De plus, les conditions générales de vente et le règlement intérieur du port de plaisance « [Localité 5] » ne comportent aucune signature, notamment de la part de Monsieur [S].
Par ailleurs, la demanderesse produit deux relevés du compte client de Monsieur [Z] [S], le premier pour la période allant du 1er novembre 2021 au 1er décembre 2022, indiquant une dette à la charge du défendeur de 13 248 euros et le second relatif à la période du 1er octobre 2021 au 1er juin 2023, indiquant une dette à la charge du défendeur de 15 639 euros.
La demanderesse verse également diverses factures couvrant la période 1er janvier 2020 jusqu’au 1er septembre 2021.
Ces éléments, couvrant des périodes différentes, ne permettent pas de suppléer à l’absence de versement du contrat.

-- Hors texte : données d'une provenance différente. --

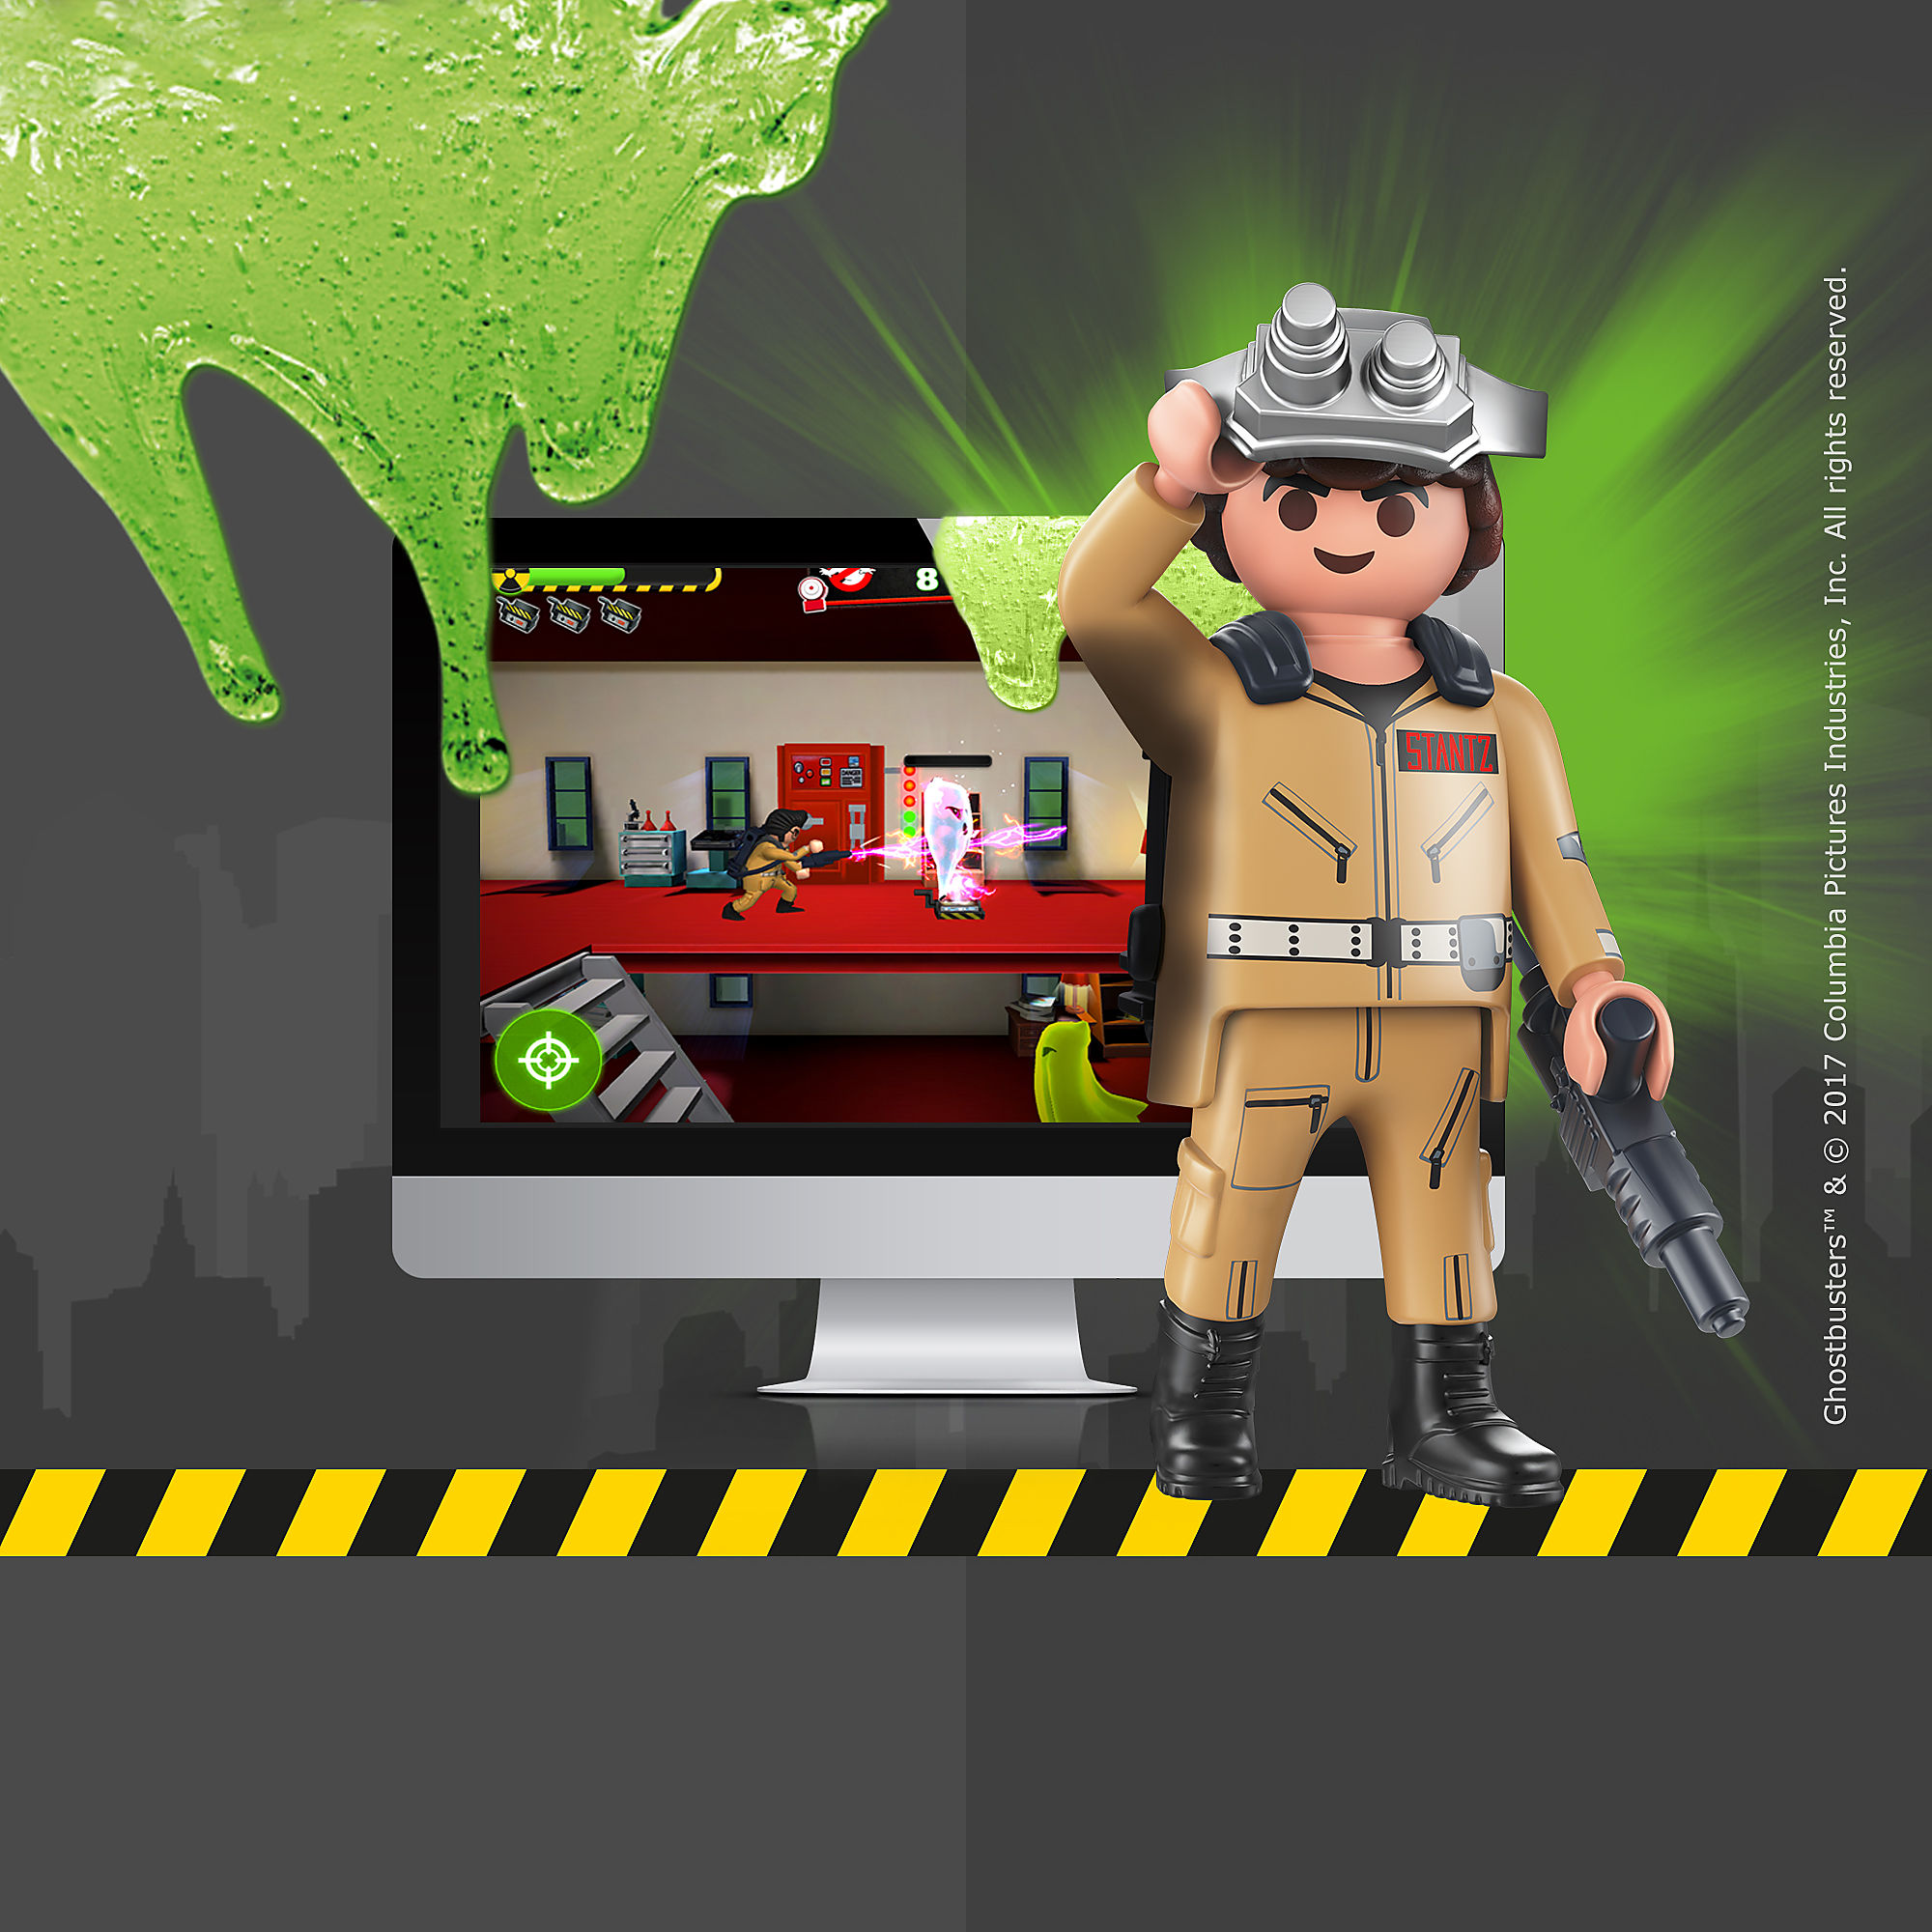 PLAY_ONLINEGAME_GHOSTBUSTERS_2017_01

Compte tenu de ces constats, la SARL MINOS ne démontre par la réalité de l’engagement contractuel de Monsieur [Z] [S] à son égard, tant pour l’année 2020 que pour les années suivantes.
En conséquence, elle sera déboutée de sa demande en paiement.
Compte tenu de ce qui précède, la SARL MINOS sera également déboutée de sa demande tendant au paiement de la redevance majorée de 188 € par mois assortie d’une astreinte de 20 € par jour de retard jusqu’à parfait enlèvement du bateau.
Sur les autres demandes
Sur les dépens
Aux termes de l'article 696 du code de procédure civile, la partie perdante est condamnée aux dépens, à moins que le juge, par décision motivée, n'en mette la totalité ou une fraction à la charge d'une autre partie.
En l’espèce la SARL MINOS, partie perdante, sera condamnée aux dépens de l’instance.
Sur les frais irrépétibles
En application de l'article 700 du code de procédure civile, dans toutes les instances, le juge condamne la partie tenue aux dépens ou la partie perdante à payer à l'autre partie la somme qu'il détermine au titre des frais exposés et non compris dans les dépens. Le juge tient compte de l'équité ou de la situation économique de la partie condamnée. Il peut, même d'office, pour des raisons tirées des mêmes considérations, dire qu'il n'y a lieu à condamnation.
En l’espèce, compte tenu de l’issue de la procédure, la SARL MINOS sera déboutée de sa demande formée à ce titre.
Sur l’exécution provisoire
Aux termes de l'article 514 CPC, issu du décret n°2019-1333 du 11 décembre 2019, applicable aux instances engagées à compter du 1er janvier 2020, « les décisions de première instance sont de droit exécutoire à titre provisoire à moins que la loi ou la décision rendue n’en dispose autrement ».
Il n’y a pas lieu, en l’espèce, d’écarter l’exécution provisoire de la présente décision, qui est de droit et compatible avec la nature de l’affaire.
PAR CES MOTIFS
Le Tribunal, statuant par décision rendue publiquement par mise à disposition au greffe, réputée contradictoire et en premier ressort,
DEBOUTE la SARL MINOS de l’ensemble de ses demandes ;
CONDAMNE la SARL MINOS aux entiers dépens de l’instance ;
RAPPELLE que l’exécution provisoire est de droit.
Ainsi fait et rendu le VINGT SEPT JANVIER DEUX MIL VINGT CINQ, par Sandrine LABROT, Vice-Présidente, assistée de Tiphaine MONTAUBAN, Greffière, lesquelles ont signé la minute du présent Jugement.